In the cited instance the keeper (with pressure from the press) was able to convince TfL to use their discretion. If that failed then the statutory route gives the keeper some opportunities to contest the matter, but unfortunately for them only on certain specific grounds - the tribunal path gives no discretion to adjudicators to do anything other than follow the strict process. This was the subject of an appeal, Walmsley v TfL [2005] EWCA Civ 1540, in which the claimant accidentally paid the congestion charge using the wrong vehicle registration number, and TfL pursued her for not having paid for the vehicle which she actually drove. An adjudicator said that she had to pay, applying the regulations as written. On review in the High Court, the judge agreed that she had to pay, but said that the adjudicator had general discretion to cancel a PCN and could have done so in this case. But in the Court of Appeal, a three-judge panel said that the adjudicator lacked that power, and that someone in the claimant's position would simply have to hope that TfL decided not to escalate the matter.
The judges did leave open the question of whether TfL had properly exercised their discretion on that point, as that hadn't been explicitly challenged. Obiter, Lord Justice Sedley criticised the setup where drivers whose grounds for contesting a PCN aren't foreseen in the statutory structure, are limited to hoping that TfL shows benevolence:
For it is unfair that those who, despite the absence of any indication that they can do so, write to TFL in the hope of clemency, at present obtain an advantage over those who assume, from looking at the Regulations, the penalty charge notice, the appeal form and TFL's website, that there is no way of doing any such thing, and pay a fine which they ought not in fairness to be required to pay.
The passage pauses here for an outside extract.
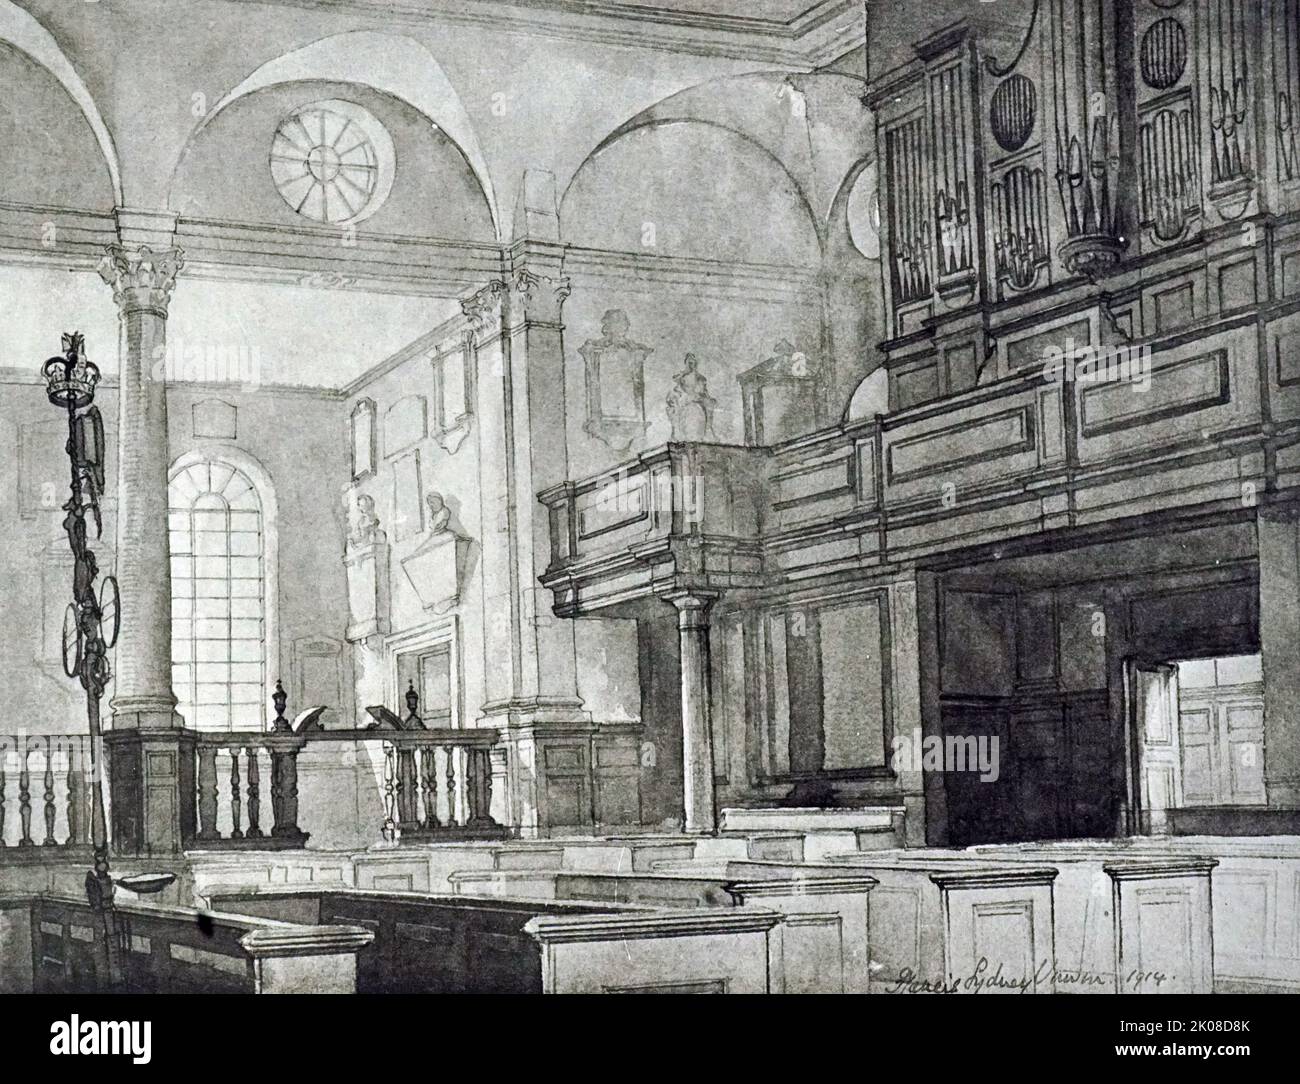 St Margaret Lothbury is a Church of England parish church on Lothbury in the City of London; it spans the boundary between Coleman Street Ward and Broad Street Ward. Recorded since the 12th century, the church was destroyed in the Great Fire of London in 1666 and rebuilt by the office of Sir Christopher Wren. Drawing by Sidney Unwin, 1914 Stock Photo
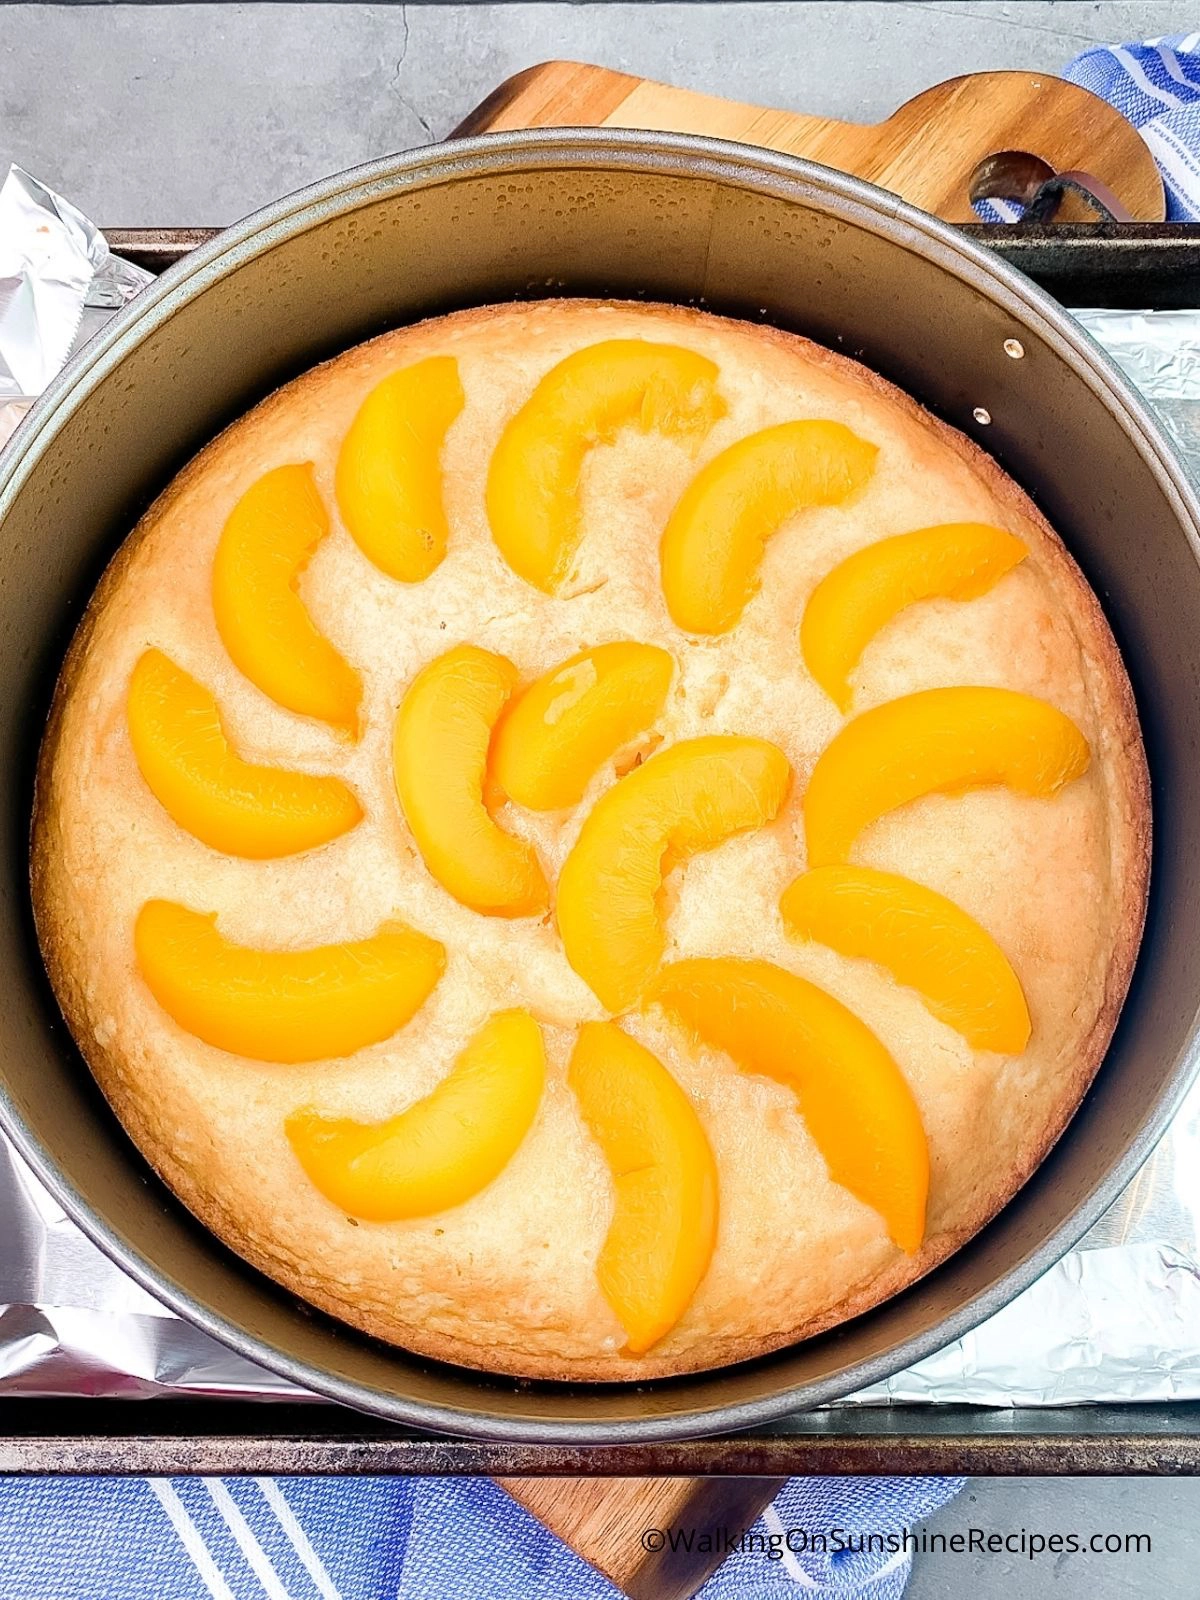 Add canned peaches to partially baked peach cake

Whether it would be better, instead of TFL's acting, however conscientiously, as judge in its own cause, for the jurisdiction of the Adjudicators to be enlarged to include a power to remit fines for non-scheduled reasons is something which the Lord Chancellor, who is the Minister responsible for making these regulations, might want to consider. For the present, however, it is not the law.
...and it is still not the law in 2024.